By ANNETTE MARDIS
Luanne Rice's books always have been deeply tinged with loss: of a lover, a family member, a lifestyle. Her characters' deep yearnings for what once was can make her readers' hearts ache, too, until the expected happy ending.
Every once in a while, and especially in later books, Rice changes things up and offers bittersweet and sometimes ambivalent finales to her touching tales that, while not as emotionally satisfying, certainly are much more real.
That's what awaits readers in "The Lemon Orchard," which, in addition to Rice's usual themes of nature and family, also tackles illegal immigration, particularly across the Mexico-USA border.

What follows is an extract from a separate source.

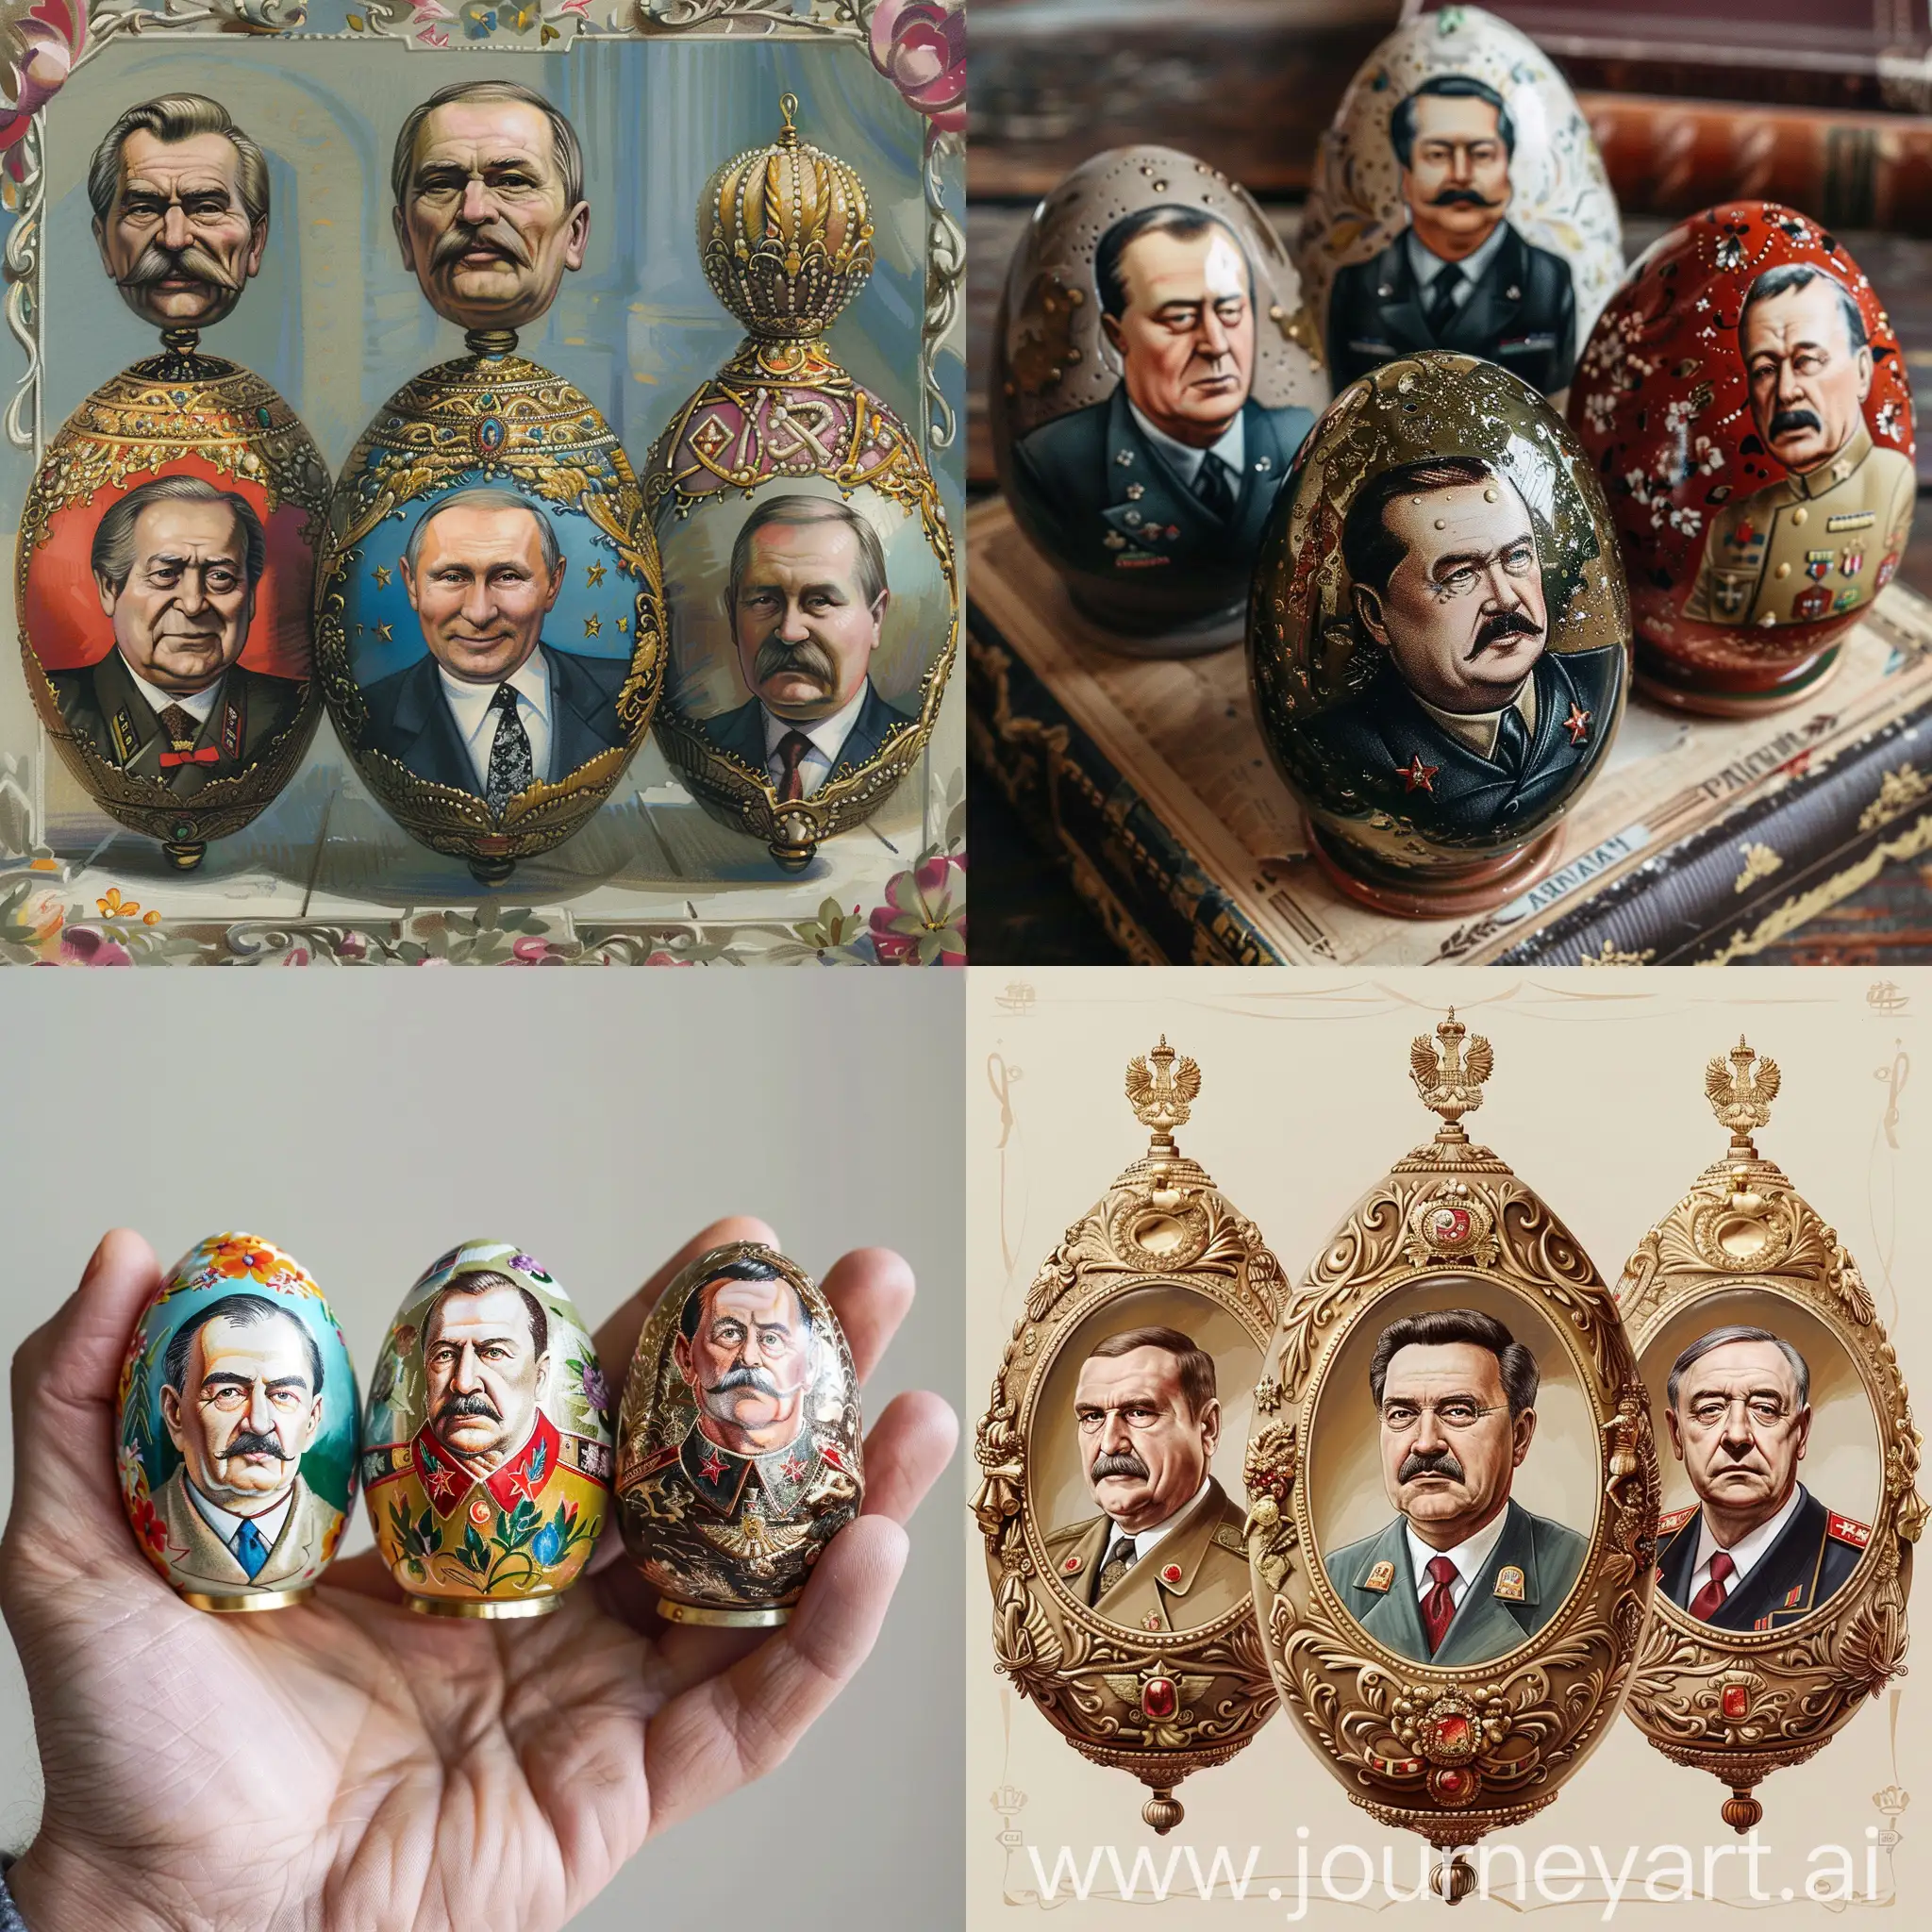 Faberg-Eggs-with-Historical-Figures-Ceausescu-Stalin-Putin-and-More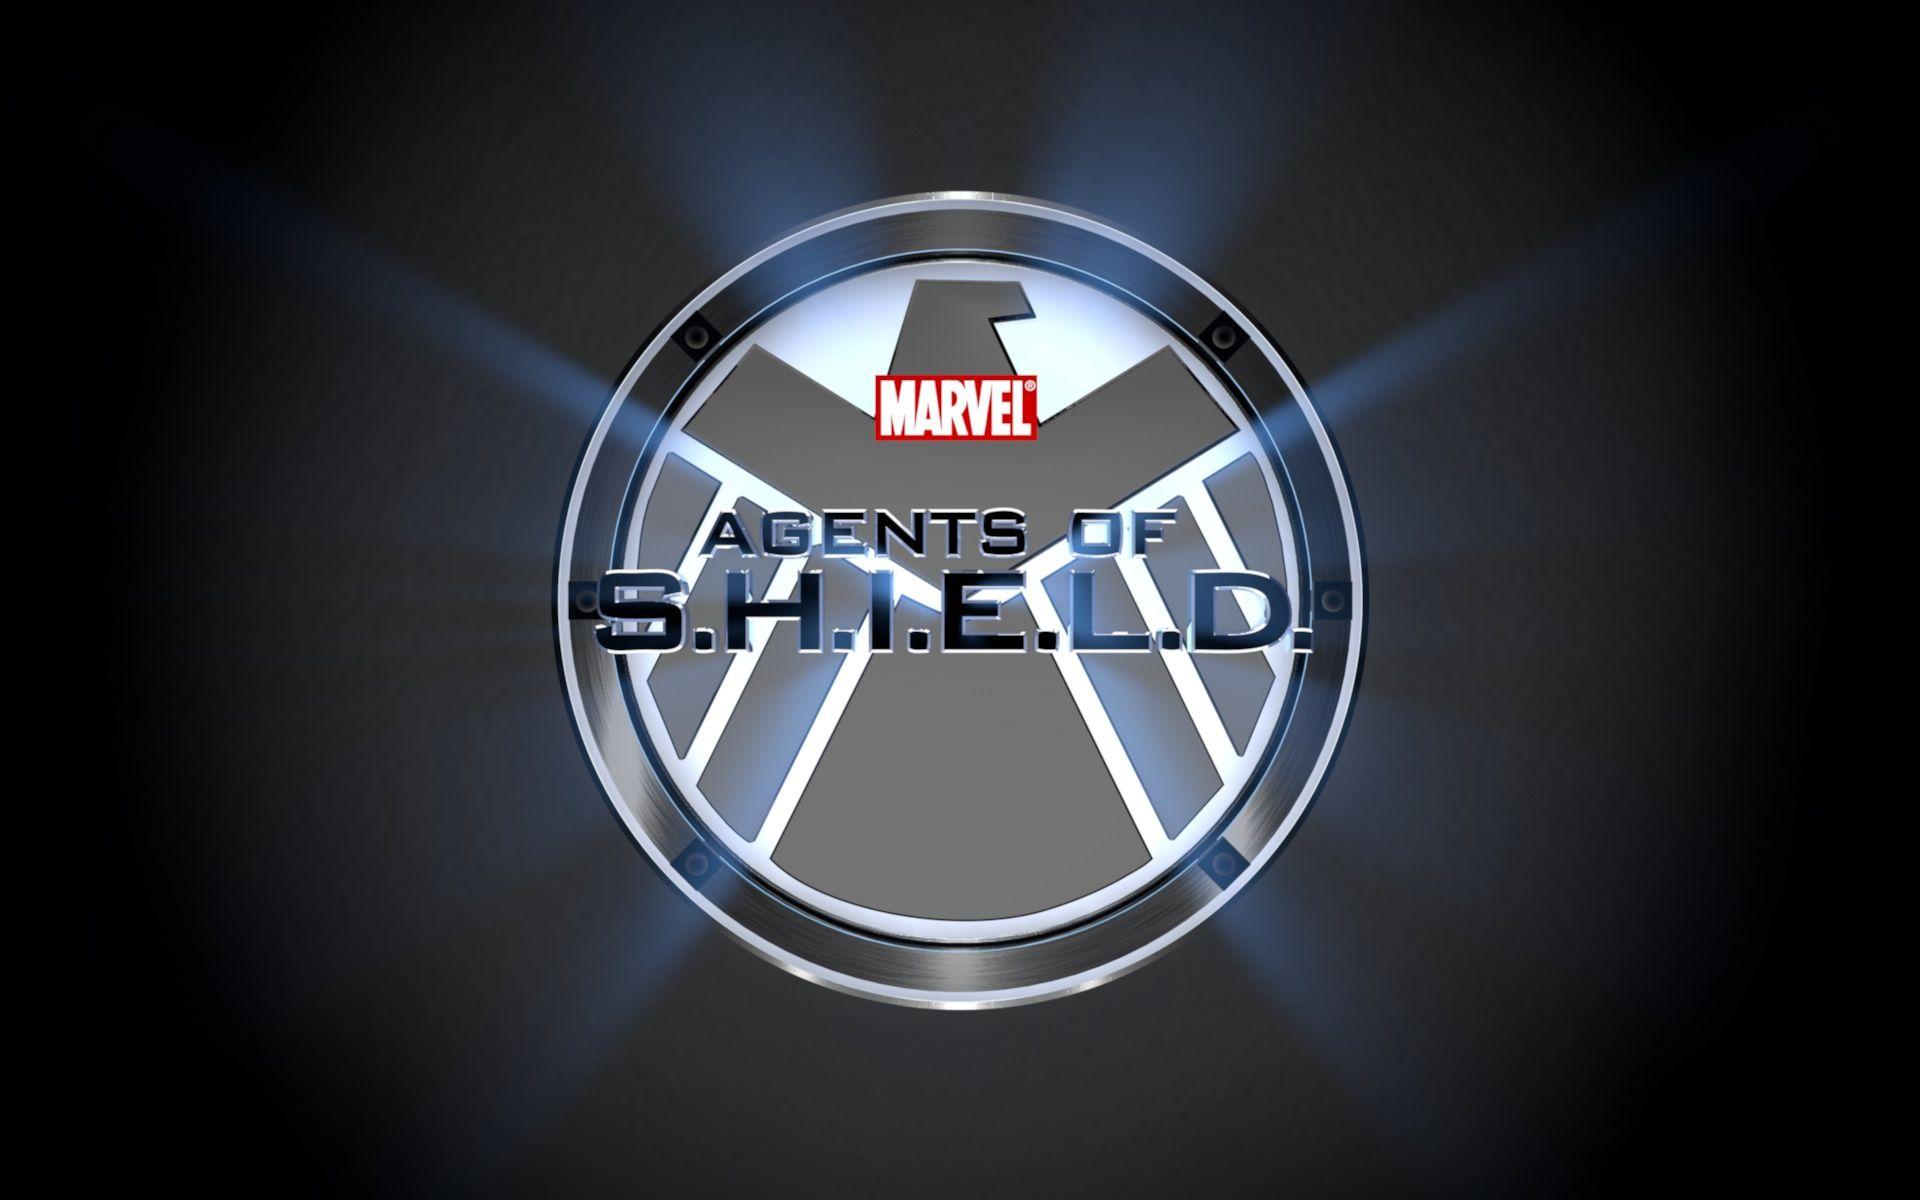 Marvel's Agents of S.H.I.E.L.D, High Definition, High Quality, Widescreen

Roberto and six-year-old daughter Rosa get separated while attempting the dangerous and often deadly desert crossing into Arizona. The frantic father tries to find her, to no avail, and eventually settles near Los Angeles, fearing and strongly suspecting, but not sure, that his little girl is dead.
Into Roberto's life comes the widowed anthropologist Julia, whose teenage daughter's death in a one-car wreck within sight of their Connecticut home is shrouded in questions. Julia, whose aunt and uncle own the coastal California estate where Roberto manages the lemon orchard, recognizes a kindred spirit in grief, and an unlikely love affair develops.
Brought back to life by both Roberto's affections and a sense of reconnection with her lost daughter, Jenny, Julia takes it upon herself to find out what really happened to Rosa.
Aiding her cause is a retired border patrol agent grieving his own loss. Jack's late wife taught him to have compassion for the impoverished Mexicans seeking a better life in the promised land of plenty.
Rice's timely novel certainly is sympathetic toward the illegals who risk everything just for the chance to make more money to feed their families. But it never preaches, nor does it simplify the immigration debate.
Instead, it shows that there has to be a more humane way to handle the problem.